Load the labels from the provided bigWig files.

class grelu.data.dataset.SeqDataset(seqs: str | Sequence | pandas.DataFrame | numpy.ndarray, seq_len: int | None = None, genome: str | None = None, end: str = 'both', rc: bool = False, max_seq_shift: int = 0, seed: int | None = None, augment_mode: str = 'serial')[source]#

Bases: torch.utils.data.Dataset

Dataset to cycle through unlabeled sequences for inference. All sequences are stored in memory.

Parameters:
  • seqs – DNA sequences

  • seq_len – Uniform expected length (in base pairs) for output sequences

  • genome – The name of the genome from which to read sequences. Only needed if genomic intervals are supplied.

  • end – Which end of the sequence to resize if necessary.
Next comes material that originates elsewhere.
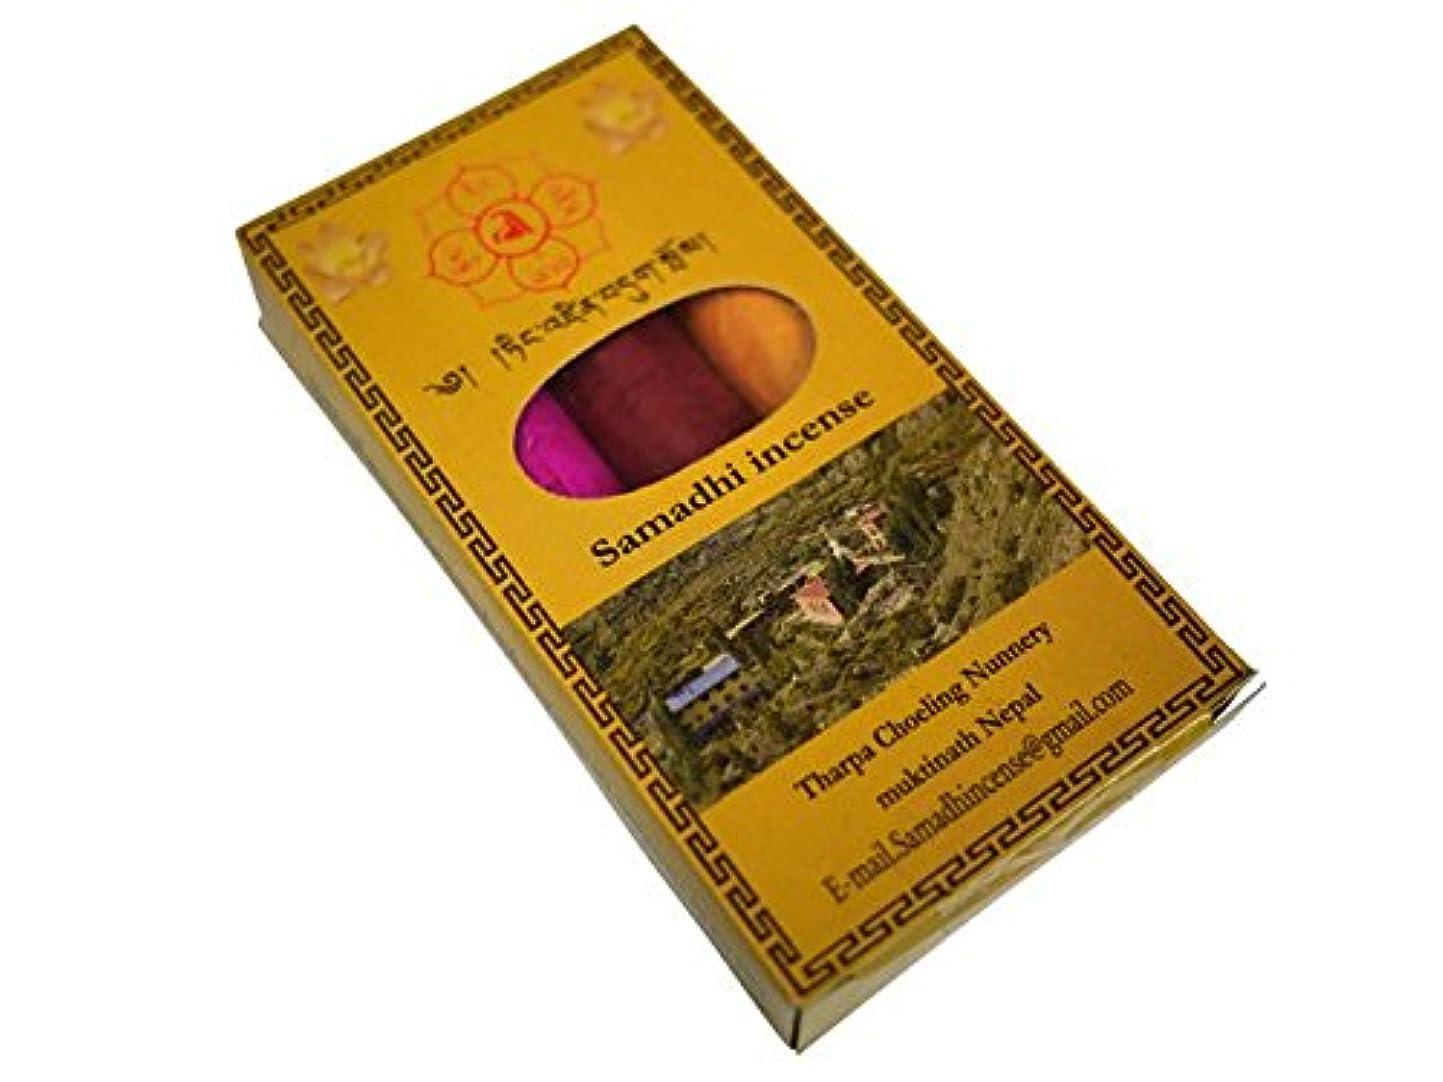 辛いアンタゴニスト揮発性タルパチョリンナニー チベット仏教寺院タルパチョリンナニーのお香【Samadhi3in1】

Supported values are “left”, “right” and “both”.

  • rc – If True, sequences will be augmented by reverse complementation. If False, they will not be reverse complemented.

  • max_seq_shift – Maximum number of bases to shift the sequence for augmentation. This is normally a small value (< 10). If 0, sequences will not be augmented by shifting.

_load_seqs(seqs: str | Sequence | pandas.DataFrame | numpy.ndarray) None[source]#
__len__() int[source]#
__getitem__(idx: int) torch.Tensor[source]#
class grelu.data.dataset.VariantDataset(variants: pandas.DataFrame, seq_len: int, genome: str | None = None, rc: bool = False, max_seq_shift: int = 0, frac_mutation: float = 0.0, n_mutated_seqs: int = 1, protect: List[int] | None = None, seed: int | None = None, augment_mode: str = 'serial')[source]#

Bases: torch.utils.data.Dataset

Dataset class to perform inference on sequence variants.

Parameters:
  • variants – pd.DataFrame with columns “chrom”, “pos”, “ref”, “alt”.

  • seq_len – Uniform expected length (in base pairs) for output sequences

  • genome – The name of the genome from which to read sequences.

  • rc – If True, sequences will be augmented by reverse complementation. If False, they will not be reverse complemented.

  • max_seq_shift – Maximum number of bases to shift the sequence for augmentation. This is normally a small value (< 10). If 0, sequences will not be augmented by shifting.

  • frac_mutation – Fraction of bases to randomly mutate for data augmentation.

  • protect – A list of positions to protect from mutation.

  • n_mutated_seqs – Number of mutated sequences to generate from each input sequence for data augmentation.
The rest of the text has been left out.